Michael Owen while at Newcastle – shown with Viduka and Barton
Michael was at his best at Liverpool, where he was simply brilliant, but that’s when he picked up some serious hamstring injuries, and after leaving Liverpool for Real Madrid in 2004, after six seasons on Merseyside, he was never the same player again.
One year after joining Real Madrid he left in a massive £17M deal for Newcastle United, and the Tyneside club also paid out £110K/week in what would go down as one of our worst transfer deals ever – although at the time it looked a fanatic acquisition for Newcastle, with 25,000 fans turning up at St. James Park, simply to welcome Micheal to the club.
Owen played only 79 games for the Tyneside club in four years, and scored only 30 goals, at a total cost to Newcastle of around £39M.
And Micheal left Newcastle in his helicopter only two days after we were relegated on 24th May, 2009 and he was basically never heard from again at Newcastle.
Some would even say they never heard from him while Newcastle were fighting relegation in those dramatic months leading up to our relegation, because he gave no interviews, and wasn’t even a first team choice at the end of his Newcastle carer.
And he was the Newcastle captain at the time. 🙁
After appearing on the BBC’s Football Focus, when he talked about his four years on Tyneside, the striker had to tweet the following words – simply to defend himself:
“Newcastle fans, following my Football Focus interview, plenty of you tweeting me saying you don’t blame me for getting injured but for leaving when we got relegated.”
“Despite the club saying they did, they didn’t ever offer me a new contract despite them putting it in the press that they did. How could they when they had just been relegated? It would have been financial suicide.”
“I’ve seen it a million times, a club will blatantly lie to their fans to take the moral high ground leaving the player with no leg to stand on. I’ve taken the stick for years which is fine but you really don’t know half of it. All will be revealed one day.”

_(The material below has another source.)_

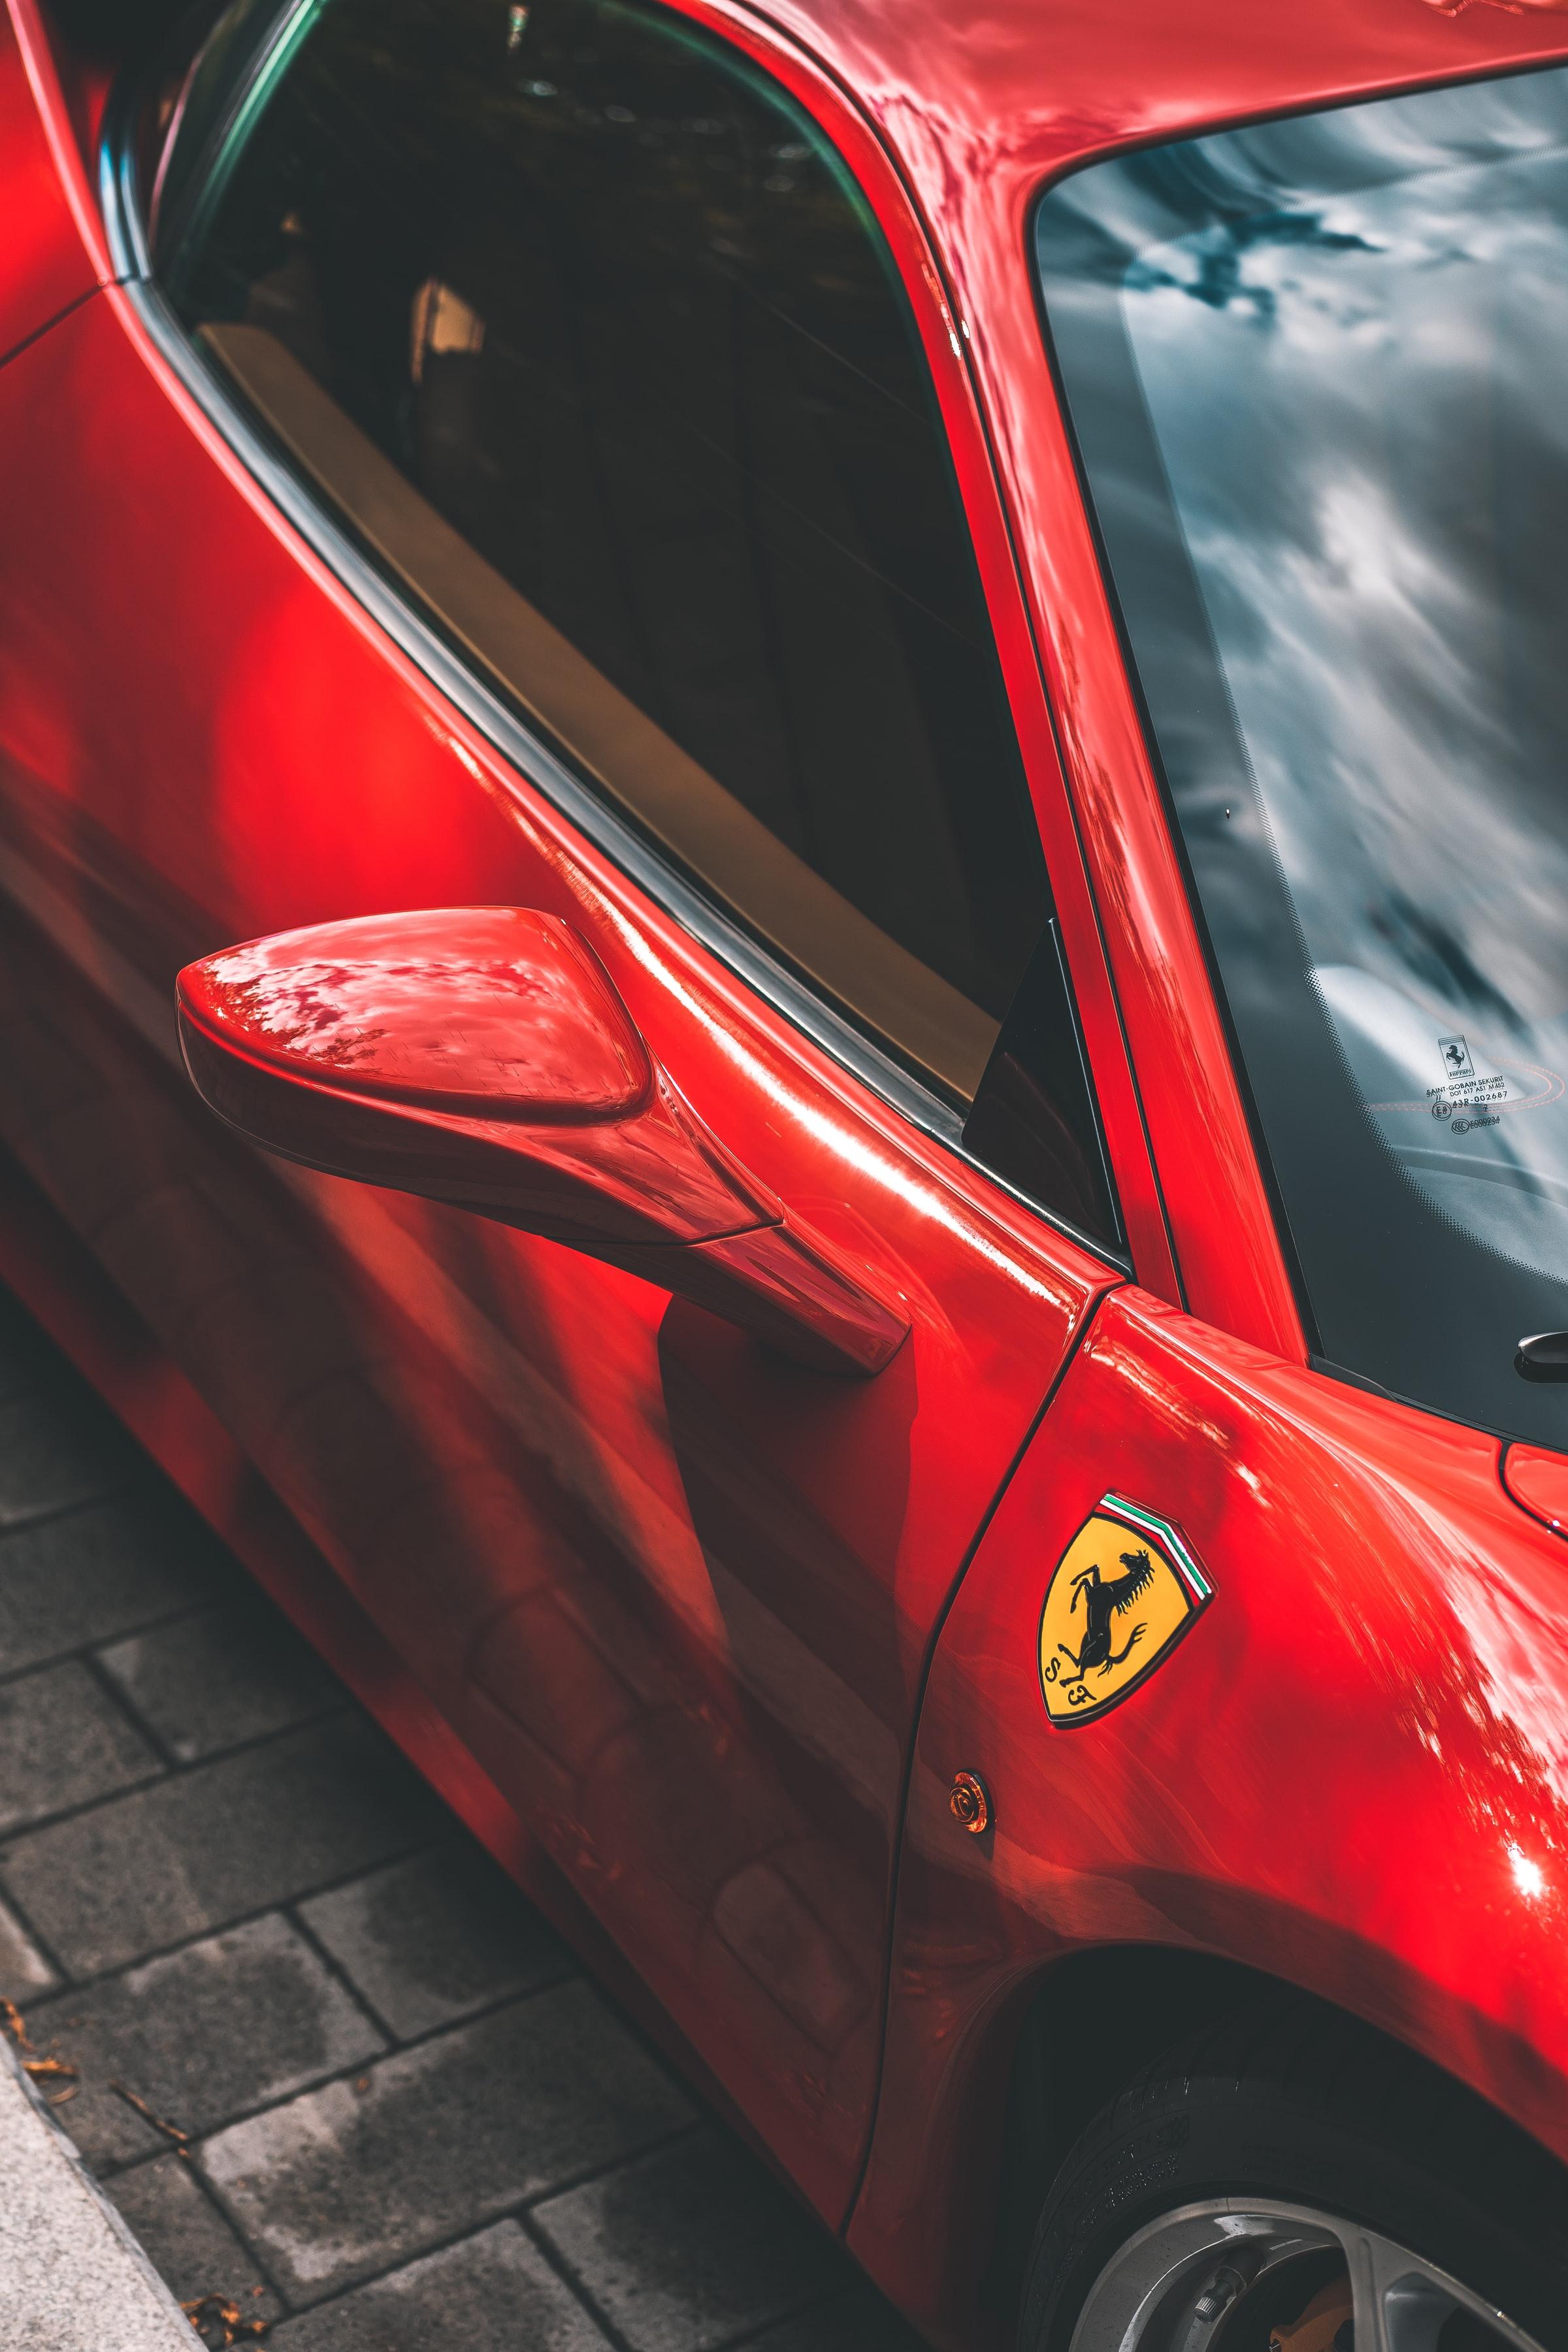 131138 скачать обои Тачки (Cars), Феррари (Ferrari), Автомобиль, Спорткар, Красный, Зеркало - заставки и картинки бесплатно
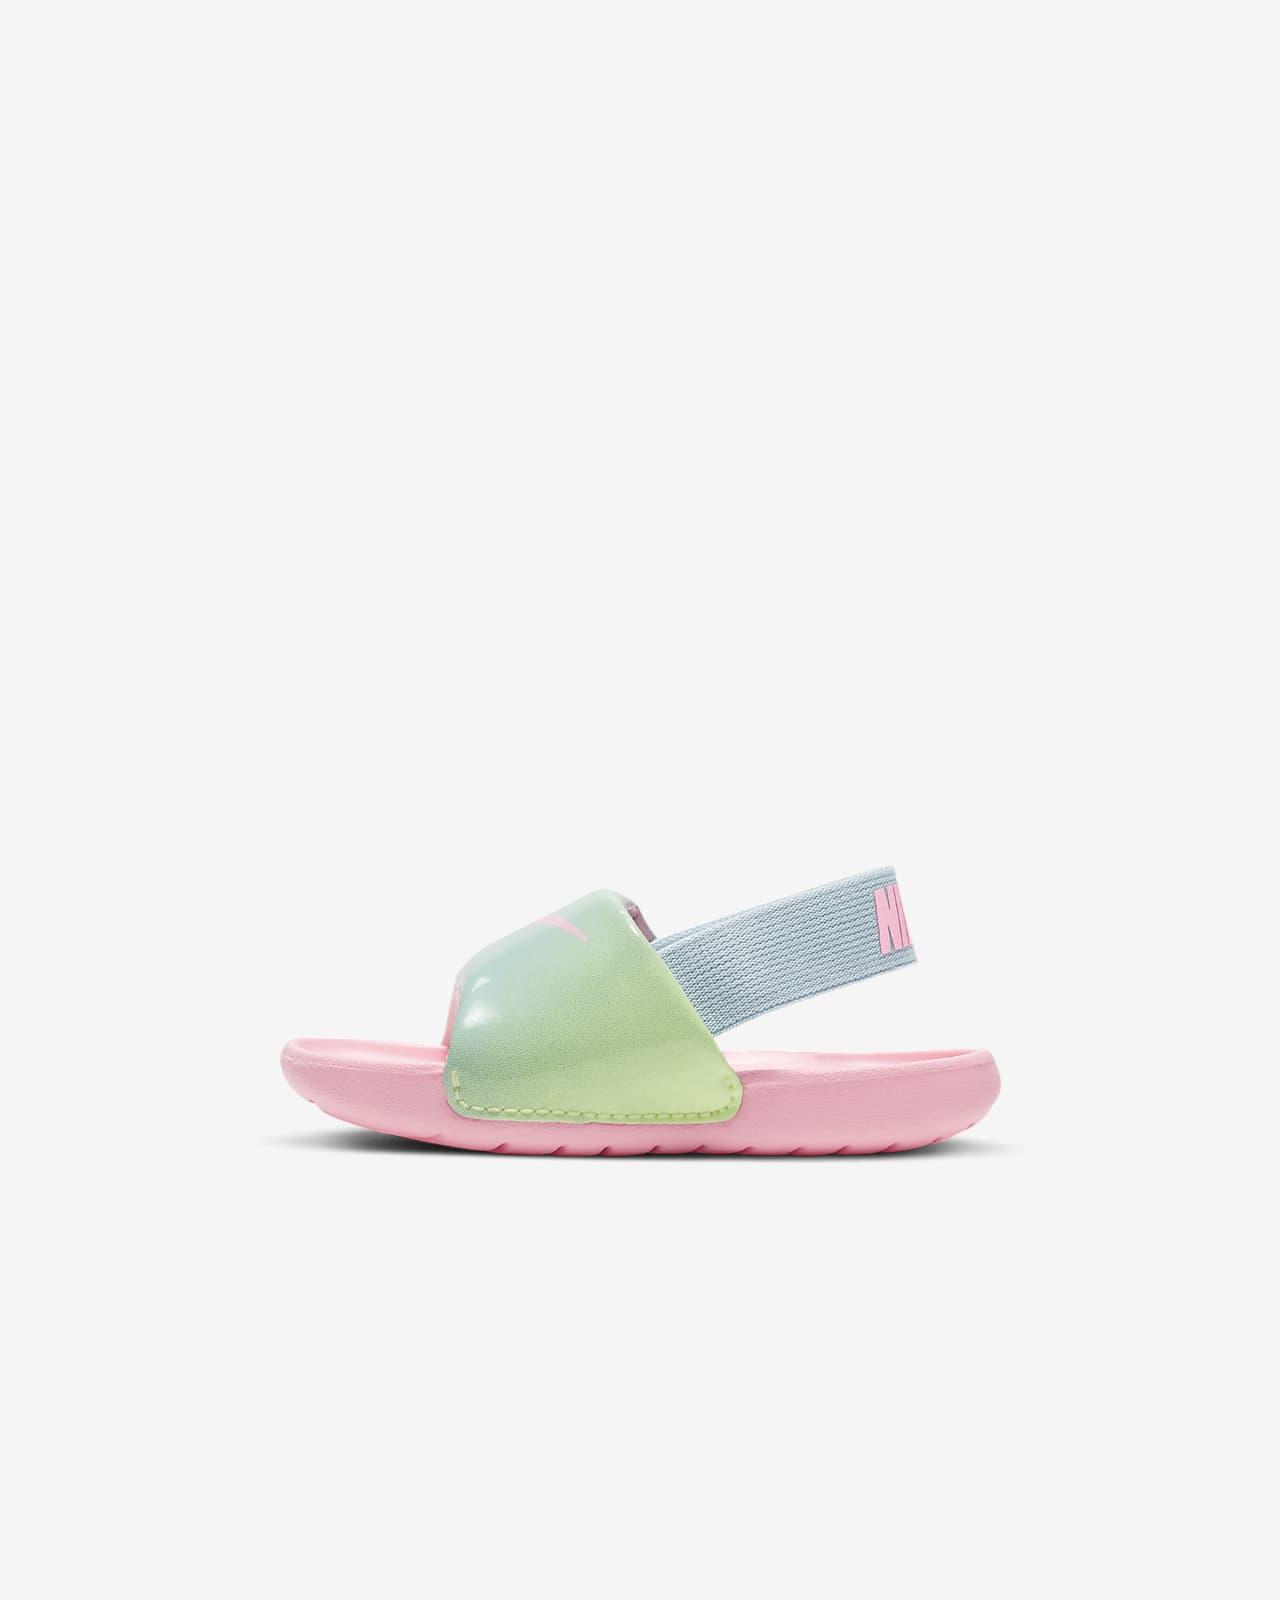 Nike Kawa SE Chanclas - Bebé e infantil

But this all completely missing the point – Michael is right say we couldn’t afford him in the Championship – but we didn’t want him anyway – and we did very well in our next season, when we ended up as winners of the Championship with a massive 102 points and 30 wins in 46 games – and thanks to gentleman manager Chris Hughton – amongst others – Newcastle came storming back.
Michael was world-class while at Liverpool, but after he left the Merseyside club, mainly due to injuries, he rather quickly became little more than an ordinary player.
Our advice to Michael would be to keep a diplomatic silence – sometimes less is more – and the lad was world-class at Liverpool but nowhere near that performance level after only one year into his contract at the Tyneside club.
Leave it at that Michael – because you simply cannot win the argument – whatever it may be – not at Newcastle anyway.